Assignment
From the first line to the last, set down the material exactly, leaving out its pictures.

Provided data
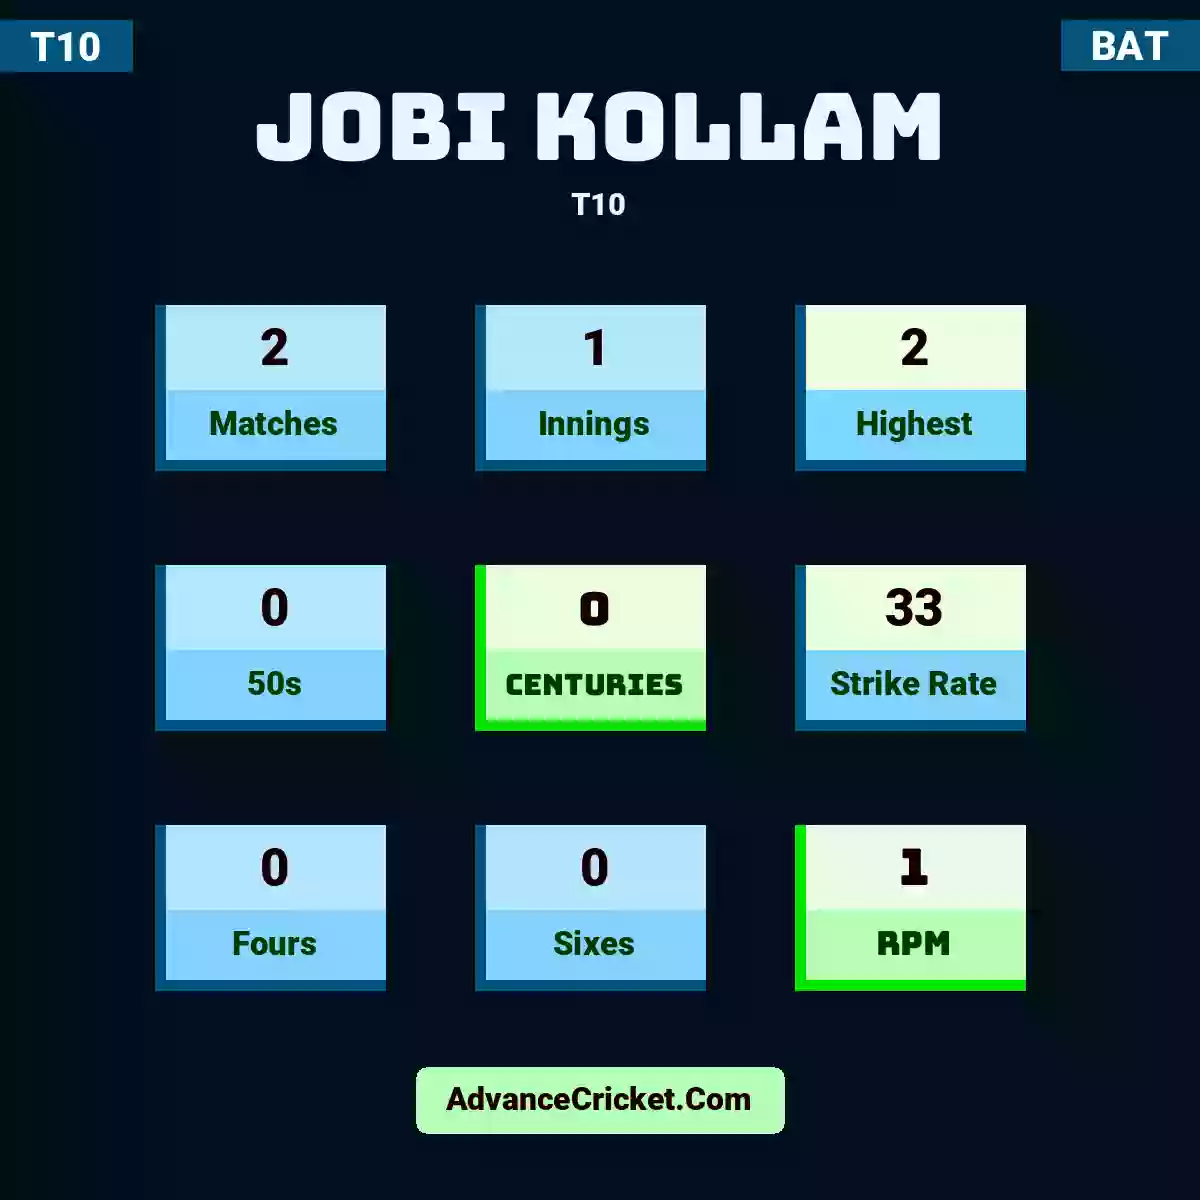 Jobi Kollam T10 , Jobi Kollam played 2 matches, scored 2 runs as highest, 0 half-centuries, and 0 centuries, with a strike rate of 33. J.Kollam hit 0 fours and 0 sixes, with an RPM of 1.
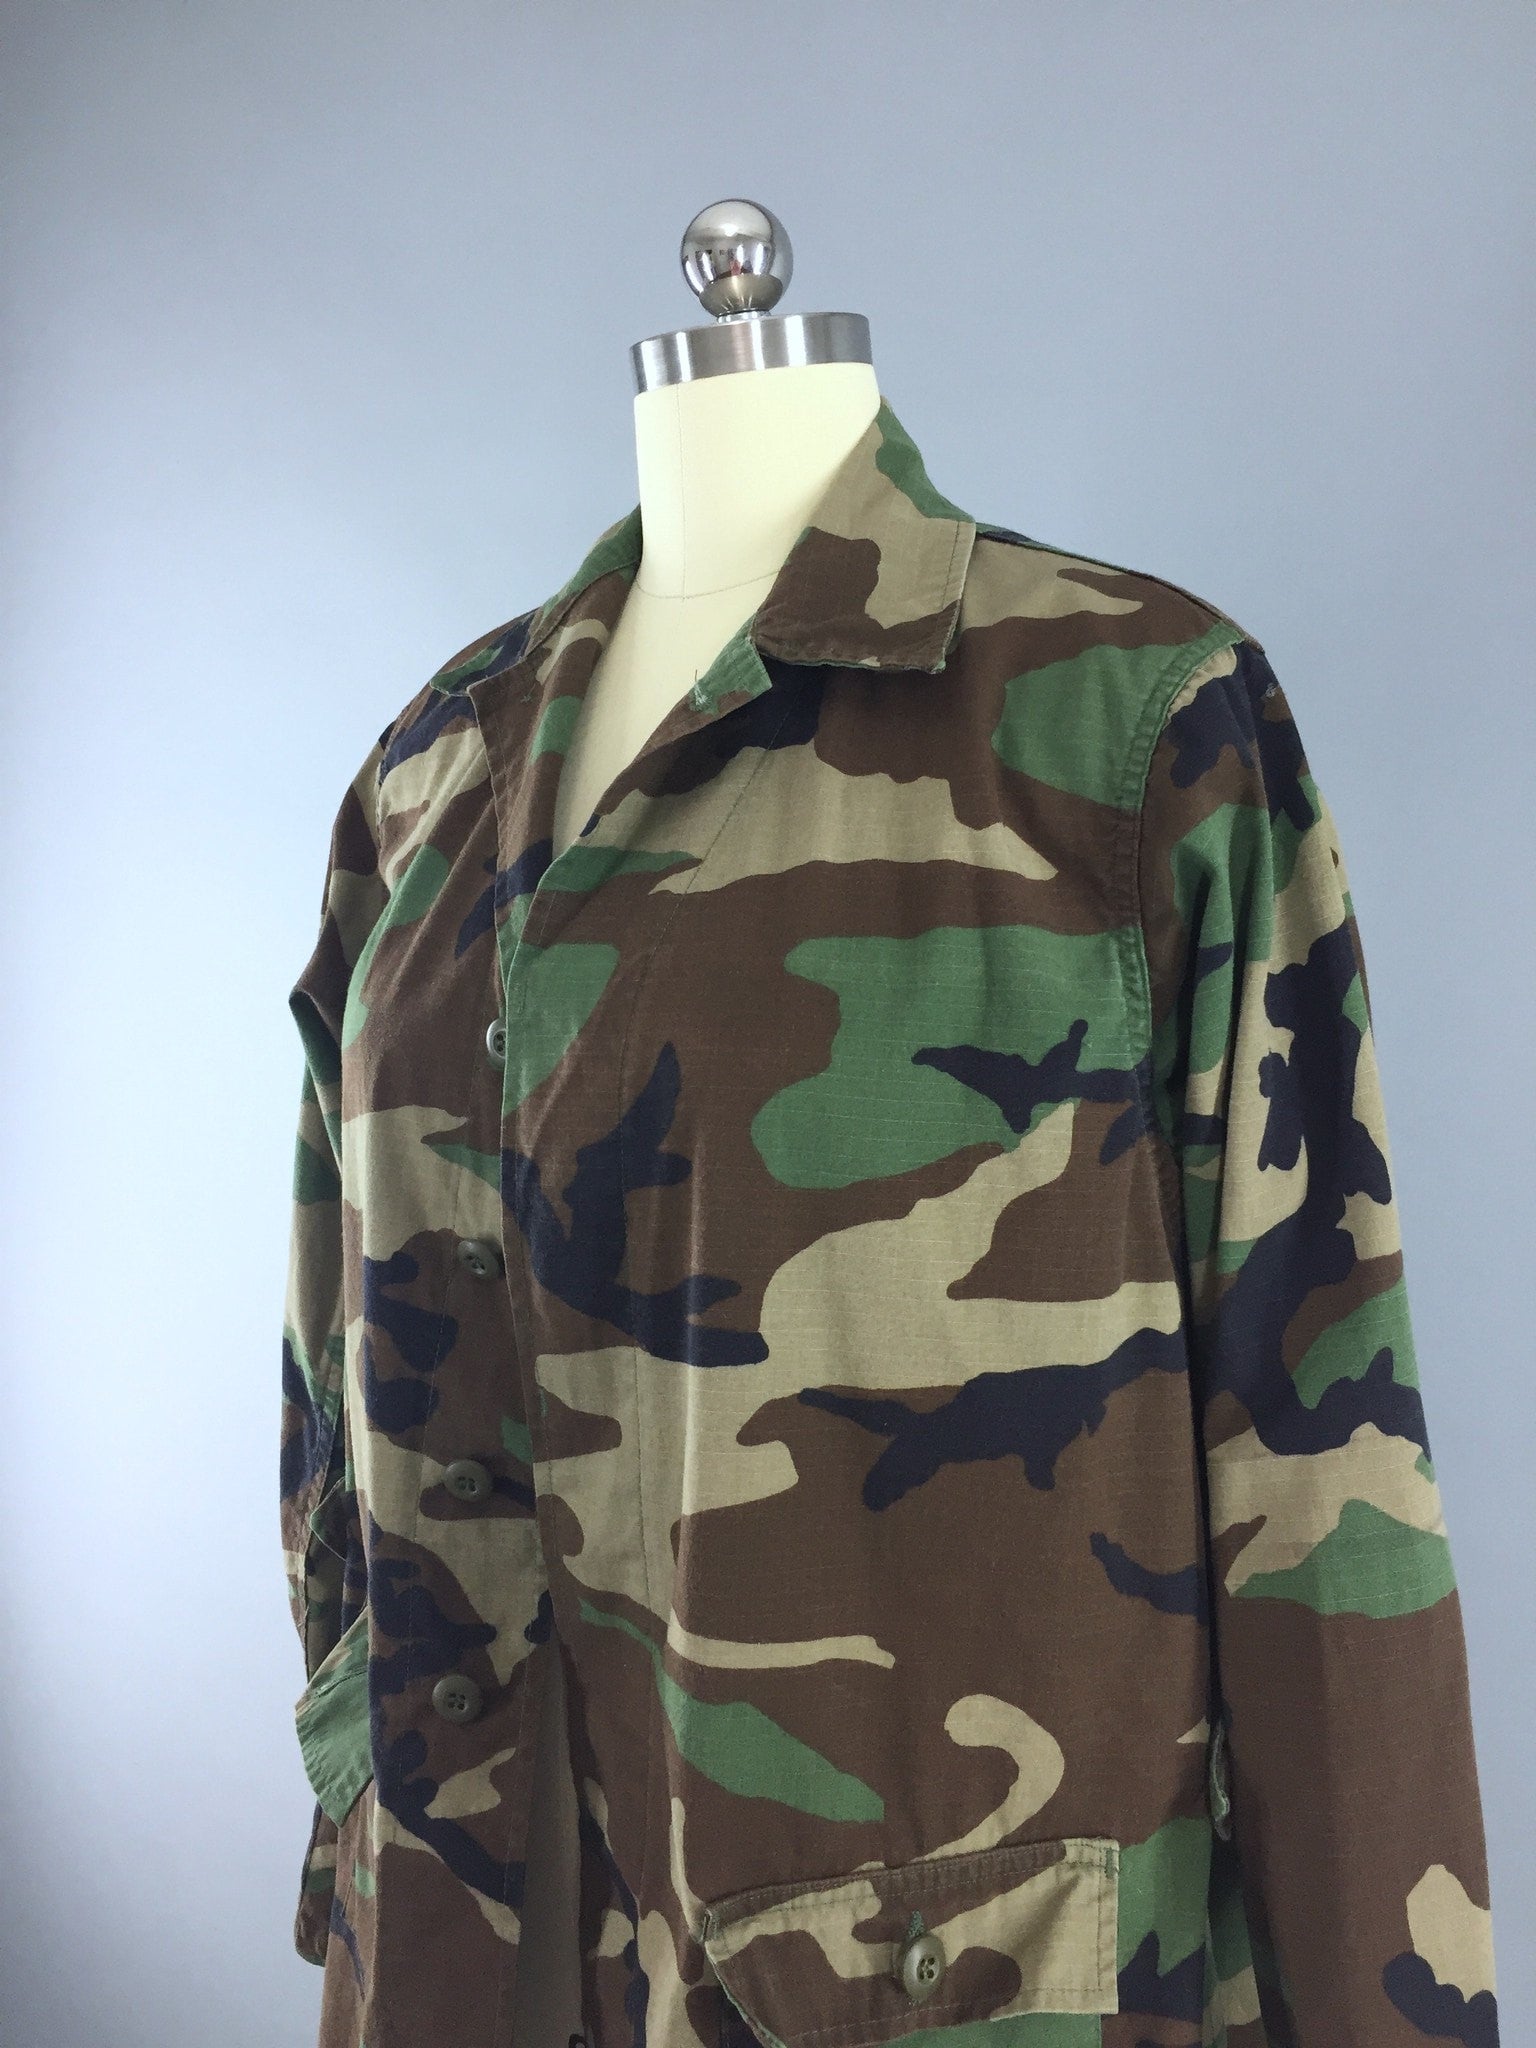 Embroidered US Army Camouflage Jacket Women's Military Coat
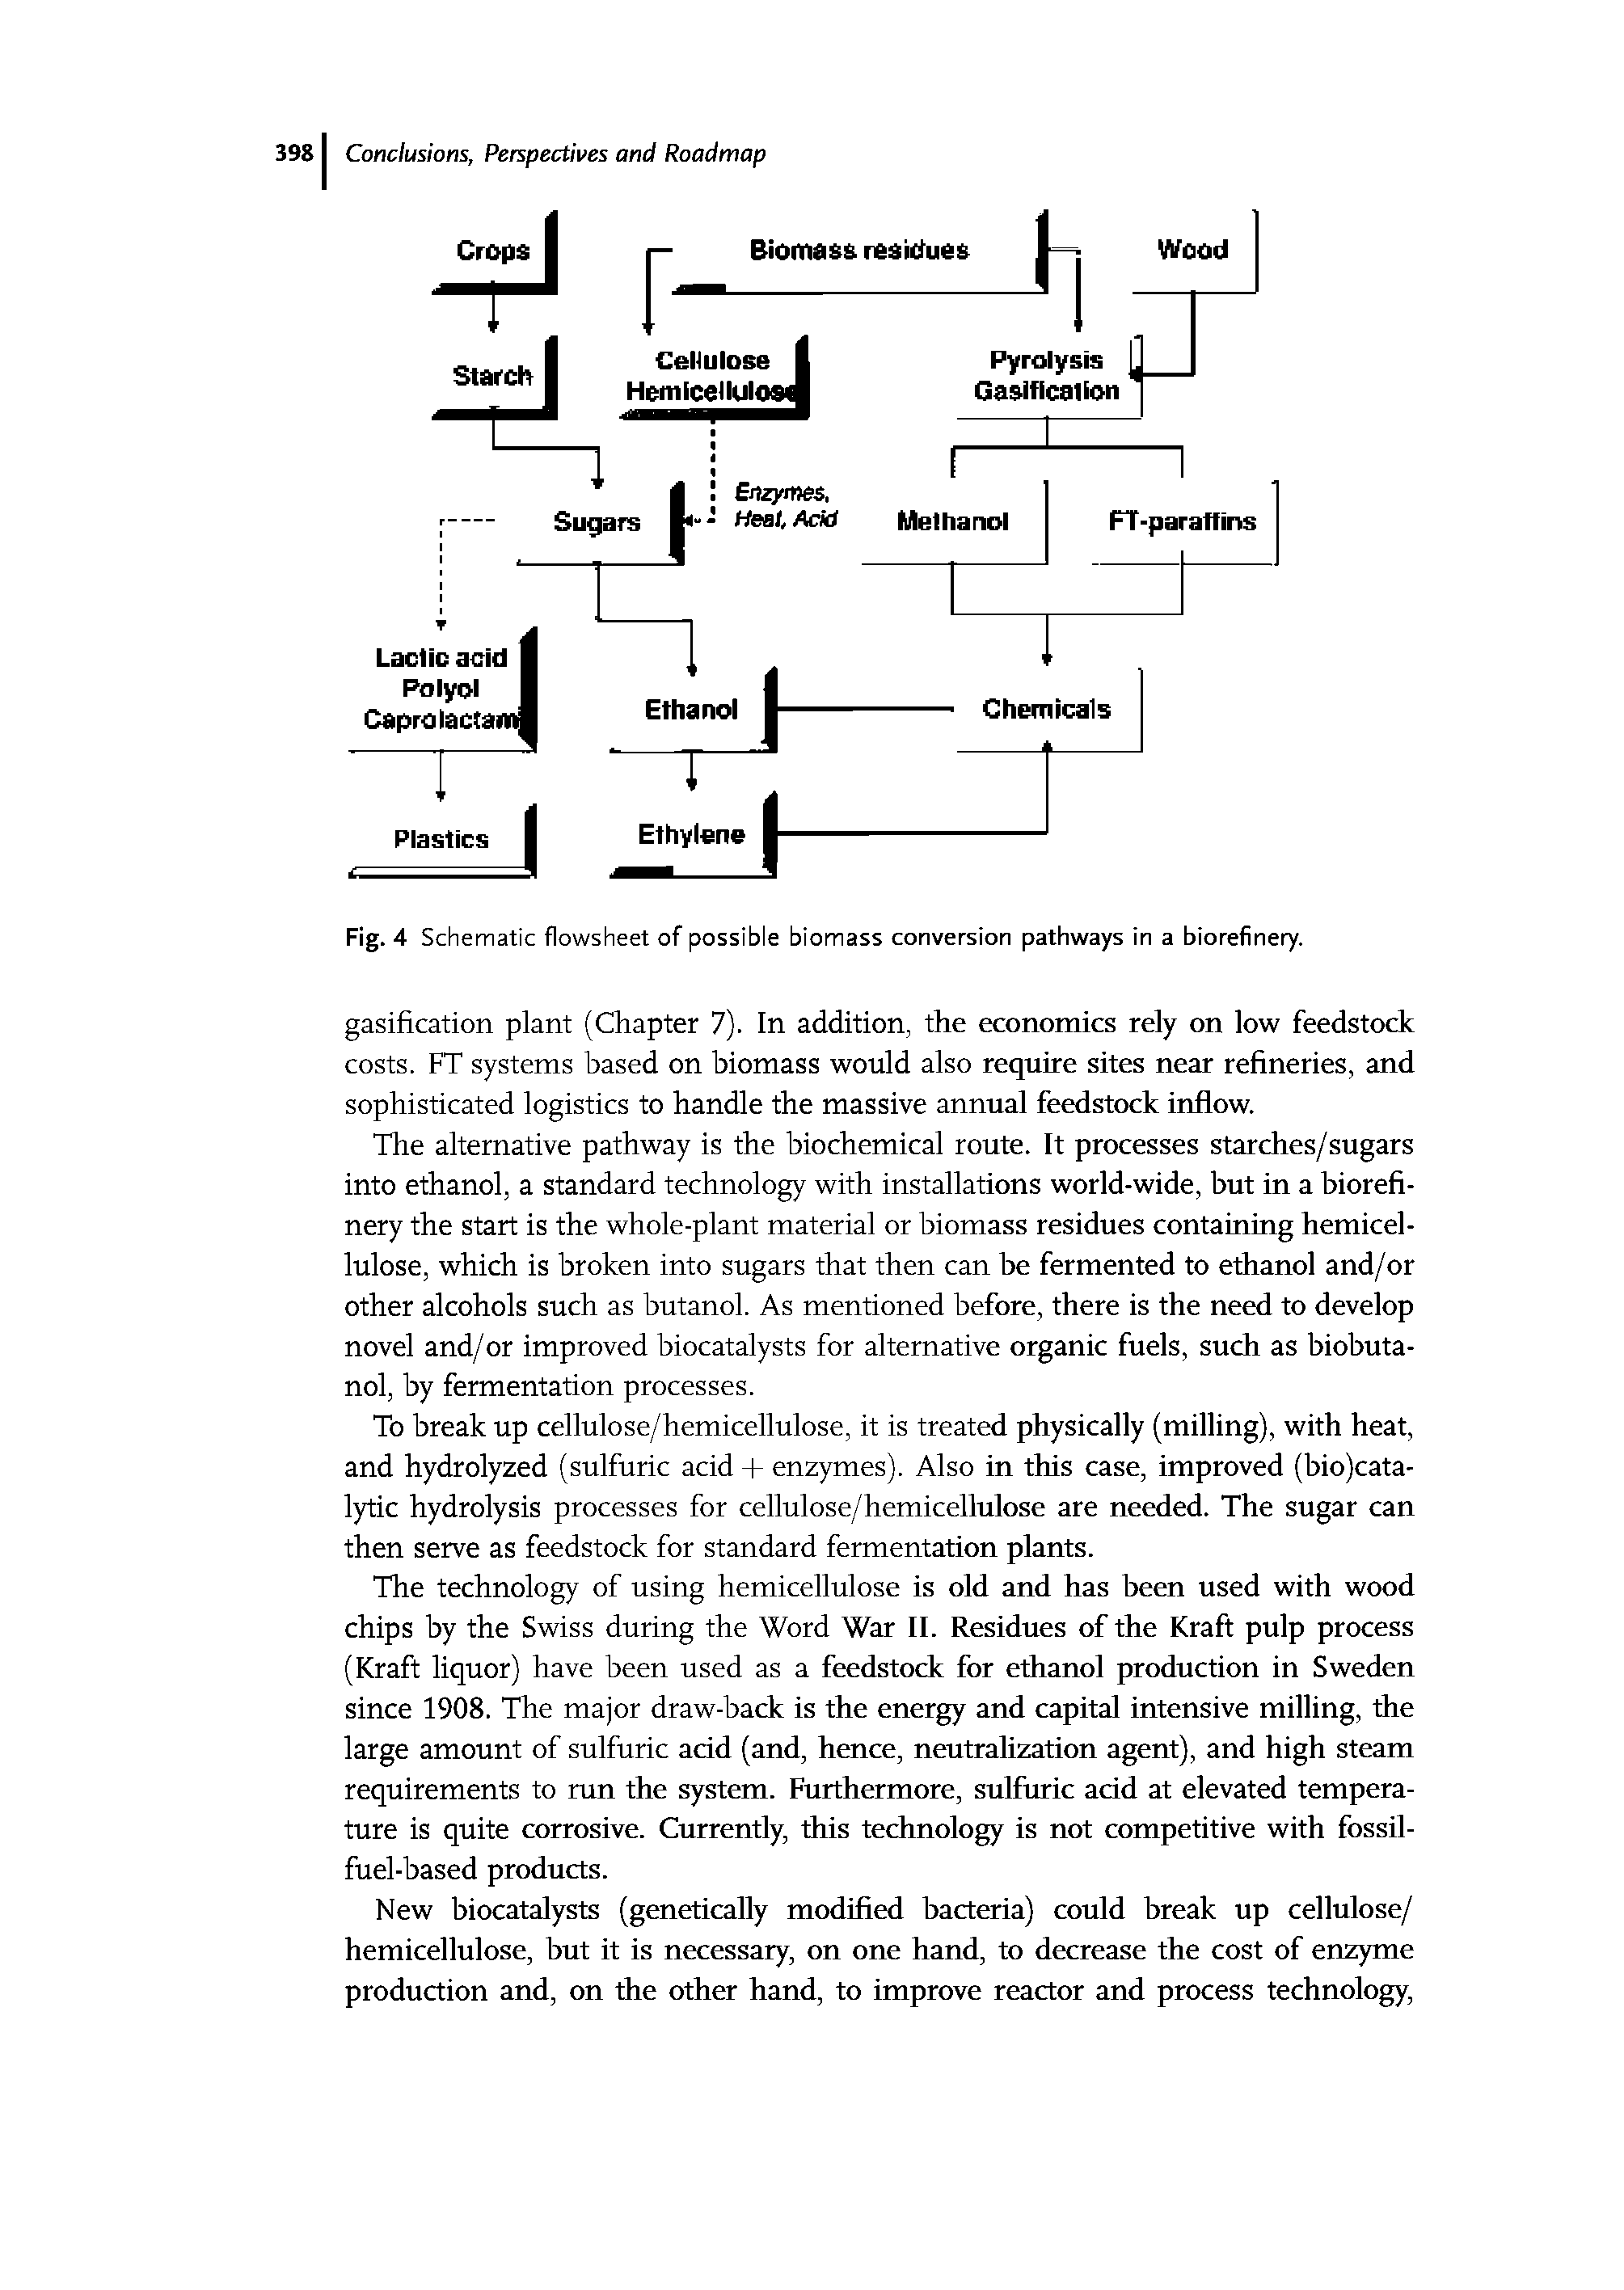 Fig. 4 Schematic flowsheet of possible biomass conversion pathways in a biorefinery.

Result below
 Jobi Kollam T10 , Jobi Kollam played 2 matches, scored 2 runs as highest, 0 half-centuries, and 0 centuries, with a strike rate of 33. J.Kollam hit 0 fours and 0 sixes, with an RPM of 1.
 Embroidered US Army Camouflage Jacket Women's Military Coat
 Fig. 4 Schematic flowsheet of possible biomass conversion pathways in a biorefinery.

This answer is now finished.